When to Use Random Forests

Random forests are well suited to situations where linear boundaries between classes are unlikely, where many predictors interact, or where you want a ranking of variable importance alongside classification. They handle high-dimensional data (many predictors relative to samples) better than LDA or standard logistic regression, though LASSO is often preferred when interpretability of individual coefficients matters.

They are not well suited when you need a probabilistic model with confidence intervals on parameters, when the dataset is extremely small relative to the number of predictors, or when you need to explain the model to a non-technical audience in terms of individual predictor effects.

Classification in R

library(randomForest)

data(iris)
set.seed(123)

# Fit random forest classifier
rf_model <- randomForest(Species ~ .,
                         data       = iris,
                         ntree      = 500,   # number of trees
                         mtry       = 2,     # predictors tried at each split
                         importance = TRUE)  # compute variable importance

print(rf_model)
#> Call:
#>  randomForest(formula = Species ~ ., data = iris, ntree = 500,
#>               mtry = 2, importance = TRUE)
#>                Type of random forest: classification
#>                      Number of trees: 500
#> No. of variables tried at each split: 2
#>
#>         OOB estimate of  error rate: 4%
#> Confusion matrix:
#>            setosa versicolor virginica class.error
#> setosa         50          0         0        0.00
#> versicolor      0         47         3        0.06
#> virginica       0          3        47        0.06

Reading the output: the OOB error rate of 4% means that on average, 4% of observations were misclassified when predicted by the trees that did not include them in their bootstrap sample. This is an honest error estimate that does not require a separate validation set.

The confusion matrix shows the breakdown by class. Setosa is classified perfectly. Three versicolor flowers are misclassified as virginica, and three virginica flowers are misclassified as versicolor, giving a class error of 6% for each. These two species overlap in feature space, which is consistent with what the PCA and LDA plots show.

Hyperparameters

Random forests have two main hyperparameters: settings that control the model structure and must be chosen before training rather than learned from the data.

ntree: the number of trees in the ensemble.

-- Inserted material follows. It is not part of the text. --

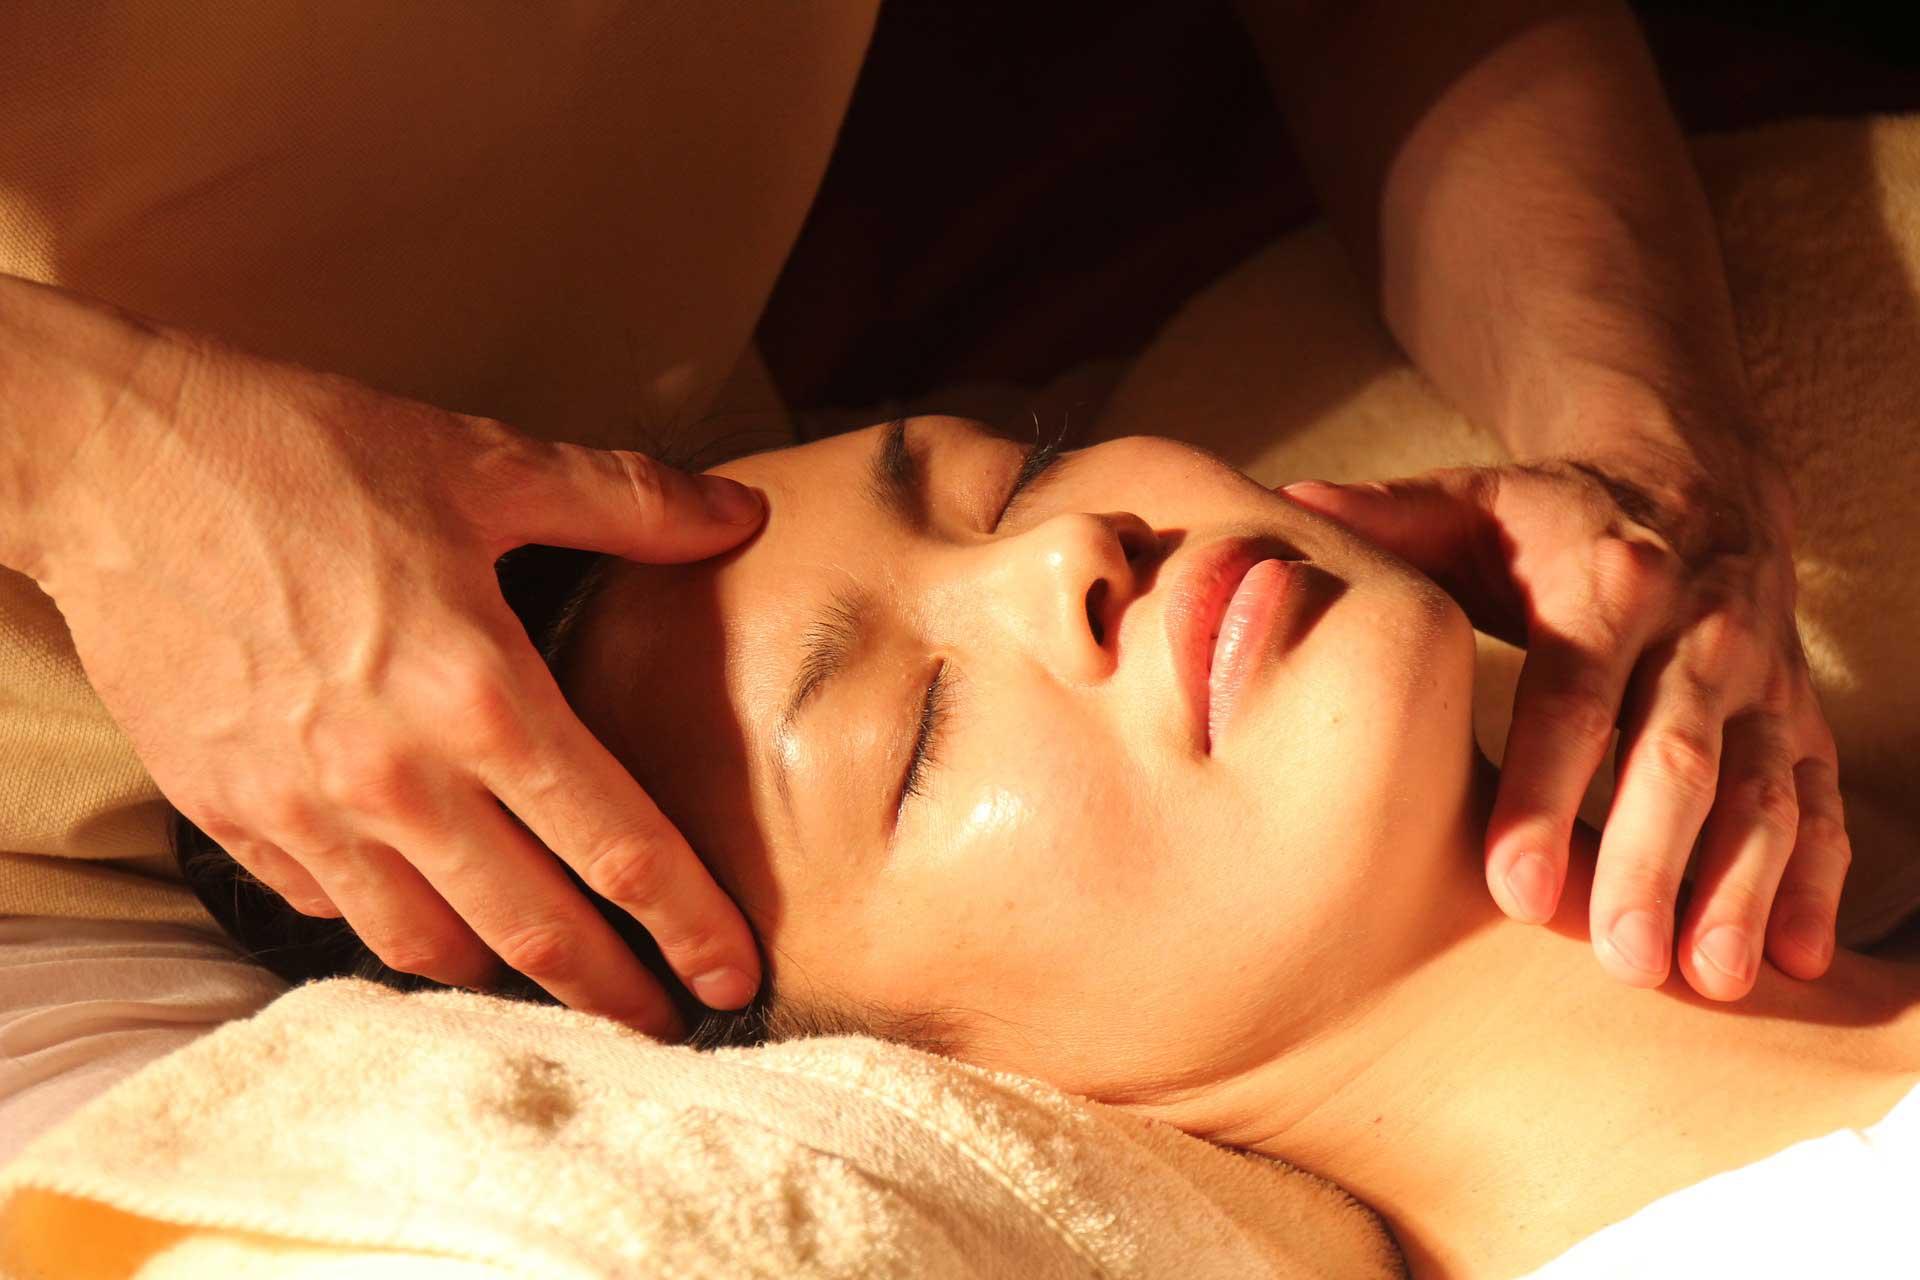 masajes relajantes, masajes antiestrés, masajes faciales relajantes. Libera tu estrés y disfruta de tu masaje en el centro Sedatio Bienestar en Chamberí, madrid centro

Strictly speaking this is less of a hyperparameter than mtry because increasing it never hurts performance: more trees always produce a more stable model. The cost is computation time. 500 is a reasonable default; results rarely improve beyond 1000. You do not tune ntree with cross-validation, you simply set it high enough that results stop changing between runs.

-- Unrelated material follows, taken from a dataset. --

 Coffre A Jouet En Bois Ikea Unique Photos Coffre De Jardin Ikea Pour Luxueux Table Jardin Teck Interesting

mtry: the number of predictors randomly considered at each split. This is the true hyperparameter of a random forest. Too low and individual trees are weak and predictions are noisy; too high and trees become correlated with each other, reducing the main advantage of the ensemble over a single tree. The default is the square root of the total number of predictors for classification. Tuning mtry with cross-validation is recommended and covered in the section below.

Variable Importance

One of the most useful outputs of a random forest is a ranking of predictor importance. Two measures are commonly reported:

Mean decrease in accuracy: how much does prediction accuracy drop when a variable is randomly permuted? Large drops indicate important variables.

Mean decrease in Gini impurity: how much does a variable reduce node impurity across all trees? Useful but biased toward variables with many categories or continuous variables.

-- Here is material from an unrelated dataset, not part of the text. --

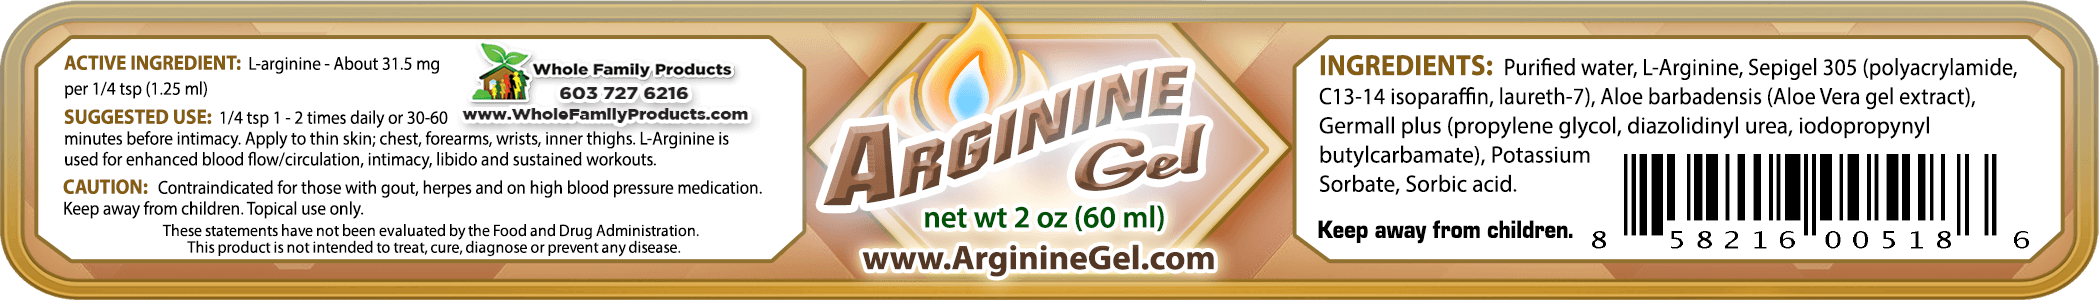 Arginine Gel 2oz Jar WFP Label

# Plot variable importance
varImpPlot(rf_model,
           main = "Variable Importance: Iris Species")

The plot shows two panels. The left panel ranks variables by mean decrease in accuracy: variables at the top cause the largest drop in OOB accuracy when permuted, indicating they are most important for correct classification. The right panel shows mean decrease in Gini impurity. For iris, both panels consistently rank Petal.Width and Petal.Length highest, confirming that petal dimensions drive species separation, consistent with what PCA loadings and LDA scaling show.

# Extract as a data frame
importance_df <- as.data.frame(importance(rf_model))
importance_df$Variable <- rownames(importance_df)

library(ggplot2)
ggplot(importance_df,
       aes(x = reorder(Variable, MeanDecreaseAccuracy),
           y = MeanDecreaseAccuracy)) +
  geom_col(fill = "steelblue") +
  coord_flip() +
  labs(x = NULL, y = "Mean Decrease in Accuracy",
       title = "Random Forest Variable Importance") +
  theme_minimal()

OOB Error and Its Limitations

The OOB error is a convenient and honest estimate for the data the model was trained on. Each observation is predicted only by trees that were not trained on it, so there is no need for a separate validation set. For the iris dataset, an OOB error of 4% means the model misclassifies 4% of the flowers it was built from.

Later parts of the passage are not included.